In what can be viewed as a landmark decision affecting California’s labor and business sectors, Governor Gavin Newsom announced a proposed modification for a law which has been a source of tension between workers and employers for the last 20 years.
Primarily, the law known as the Private Attorneys General Act (PAGA), established in 2004, allowed workers to take legal recourse against employers for workplace violations. While the Act served as a protective measure for the labor force, it has financially drained businesses due to numerous litigations, costing them billions of dollars since its implementation.
The significant update on this legal instrument came as a result of an intensive discussion with business leaders and the powerful California Labor Federation, leading to a consensus on necessary changes for PAGA. “We came to the table and hammered out a deal that works for both businesses and workers, and it will bring needed improvements to this system,” Mr. Newsom shared in a statement.
Bearing the financial burden of the Act, a study by a coalition opposing the Act identified it had cost businesses around $10 billion since 2013. The escalation in these figures can be attributed to an alarming surge in proposed settlements under the law, witnessing a tenfold increase from 2016 to 2022.
In an attempt to bring a fair balance between labor protection and curtailing excessive litigation, a series of modifications within the law were agreed upon.
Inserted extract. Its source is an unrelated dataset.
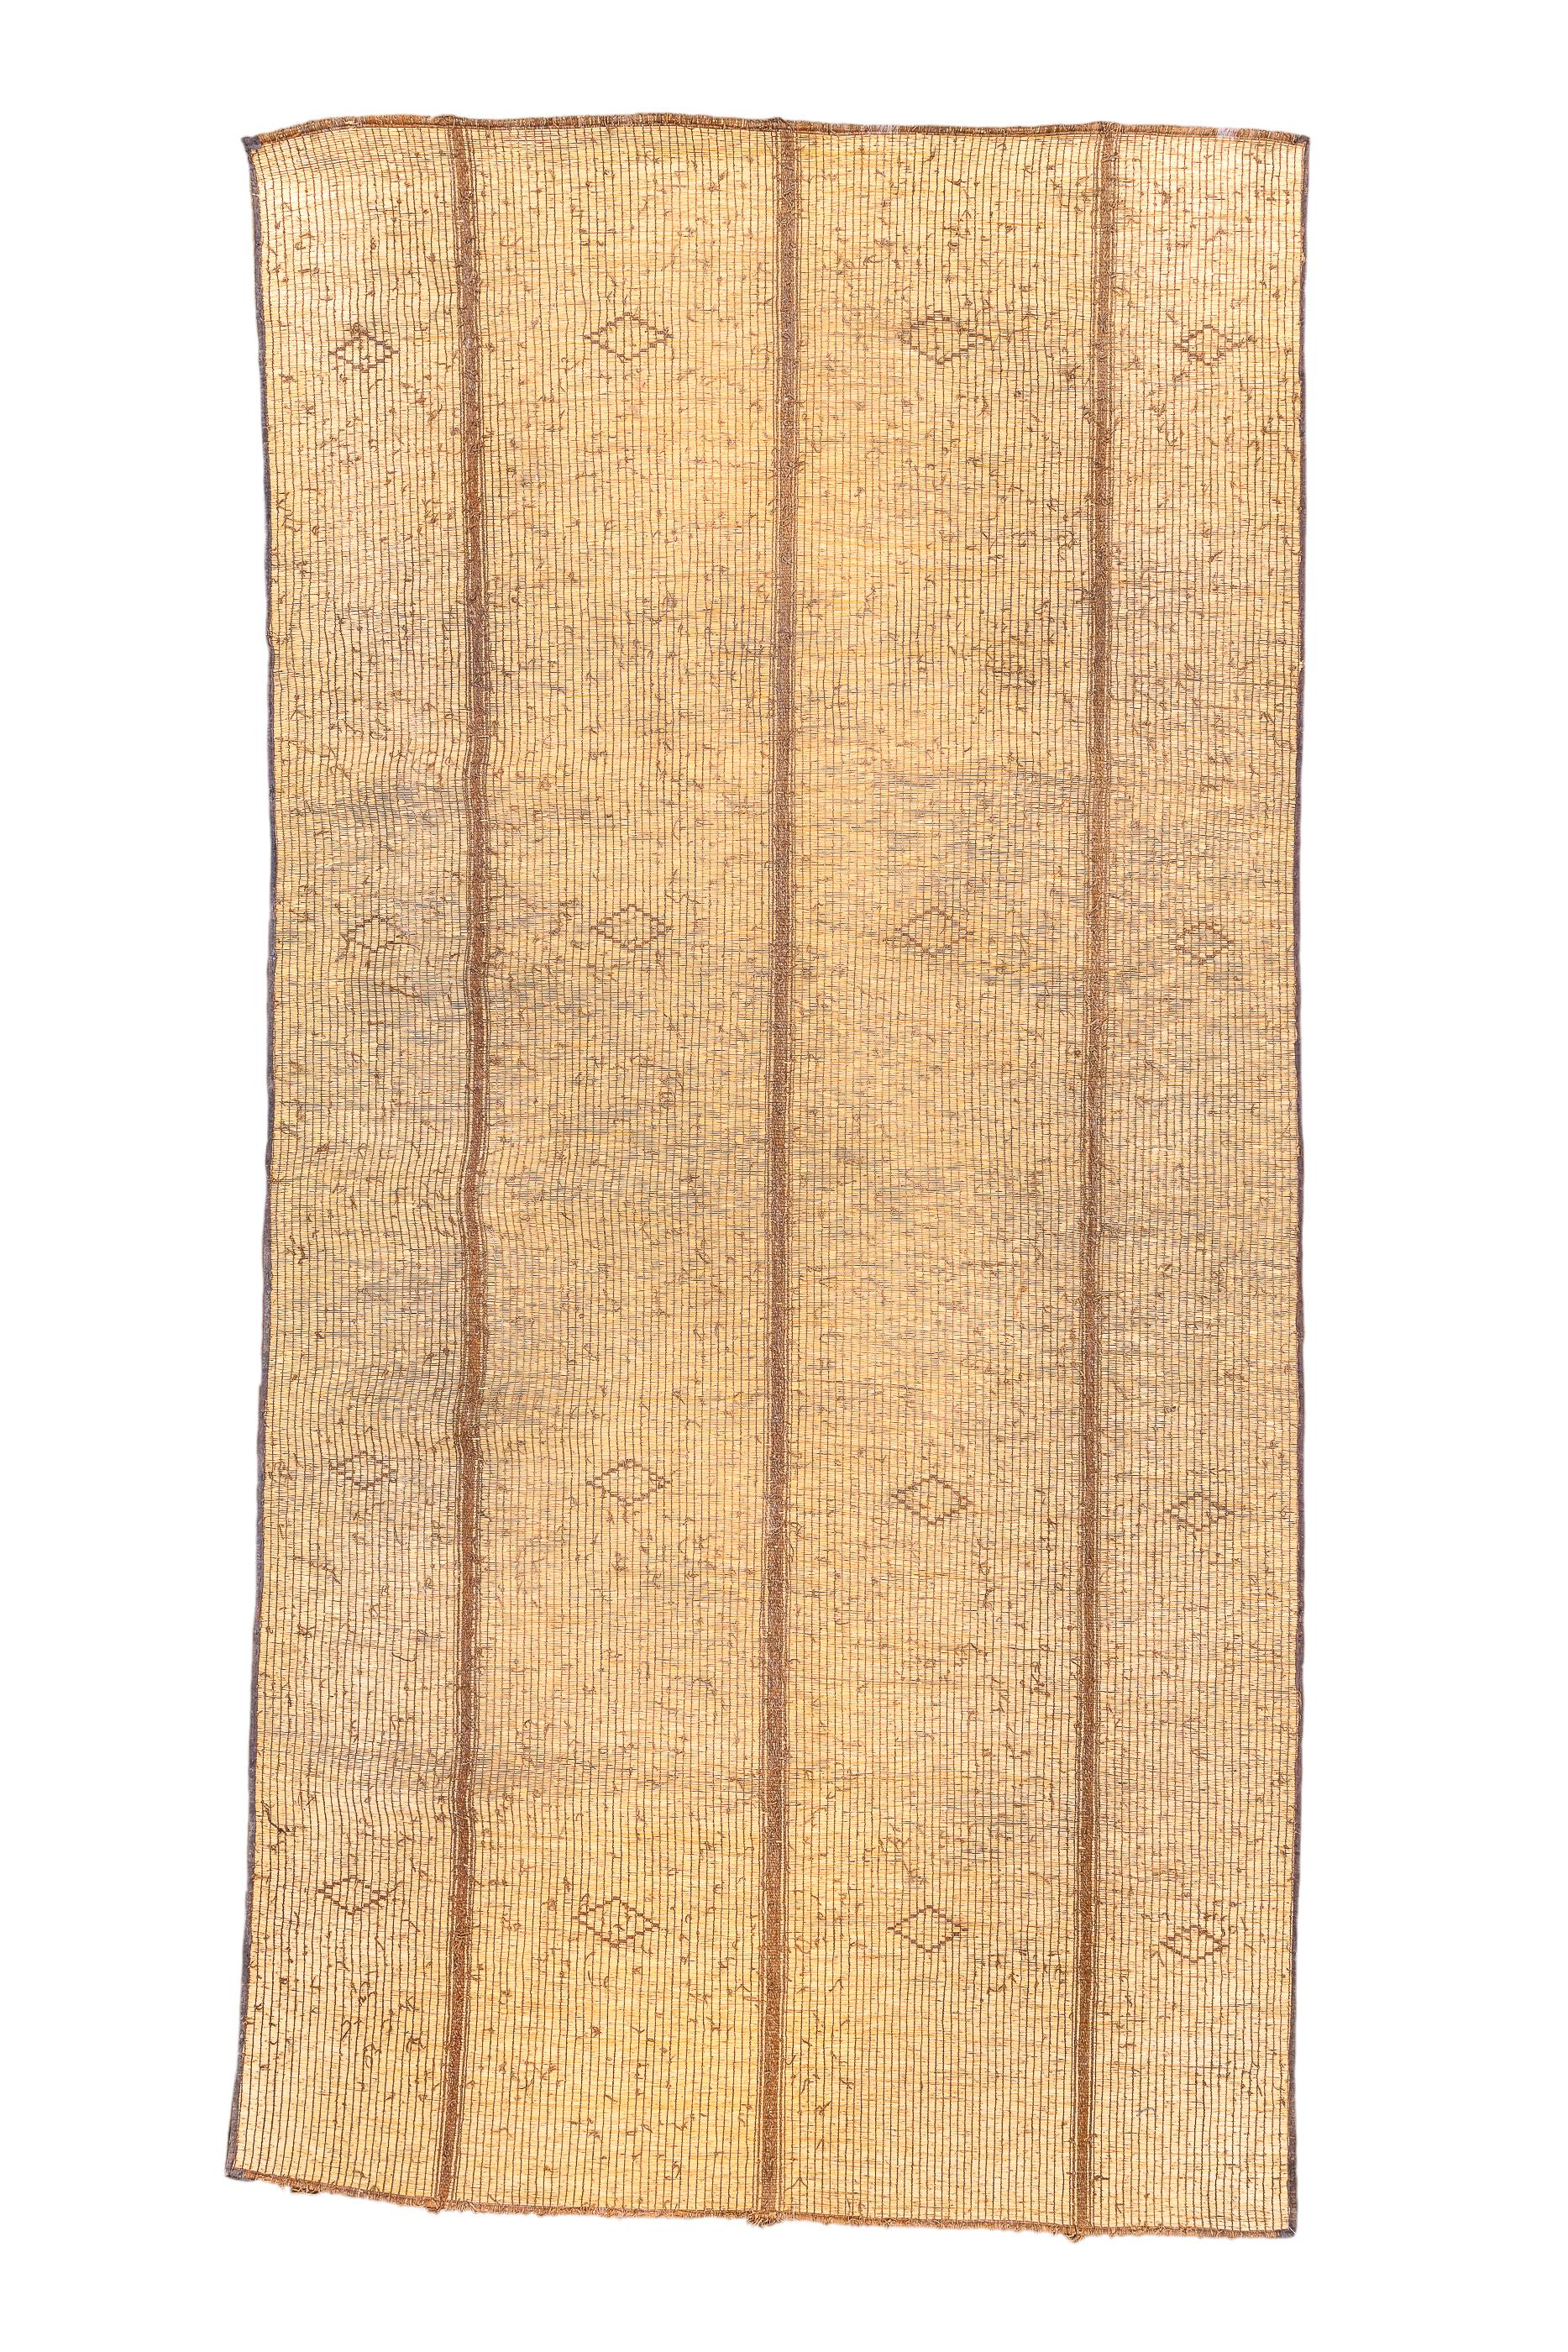 A truly flatwoven, tribal, sustainable carpet in natural tan reeds in four sections.There is a subtle pattern of small lozenges in widely spaced rows. The reeds give a flat surface with a string binding and hairline selvages. A perfect rug to was

These amendments will not just escalate penalties imposed on employers disregarding labor laws but also guarantee an increased amount of penalty money — now 35% up from 25% — being allocated to the employees significantly affected by the violations.
Jennifer Barrera, President of the California Chamber of Commerce, expressed her support for the proposal, stating, “This package provides meaningful reforms that ensure workers continue to have a strong vehicle to get labor claims resolved, while also limiting frivolous litigation that has cost employers billions without benefiting workers.”
Adding to the chorus of approval, Lorena Gonzalez, the leader of the California Labor Federation, quoted, “PAGA is an essential tool to help workers hold corporations accountable for widespread wage theft, safety violations and misclassification.” She expressed her satisfaction with how the reformations ensure abusive employer practices are addressed and workers are compensated quicker.
This latest political compromise to update the Private Attorneys General Act can be perceived as a significant stride towards a more balanced labor law structure in California. With the business community agreeing to withdraw their measure to repeal the law from November’s ballot once the modification legislation is enacted and signed, it’s hopeful that a more harmonious business-labor environment is on the horizon.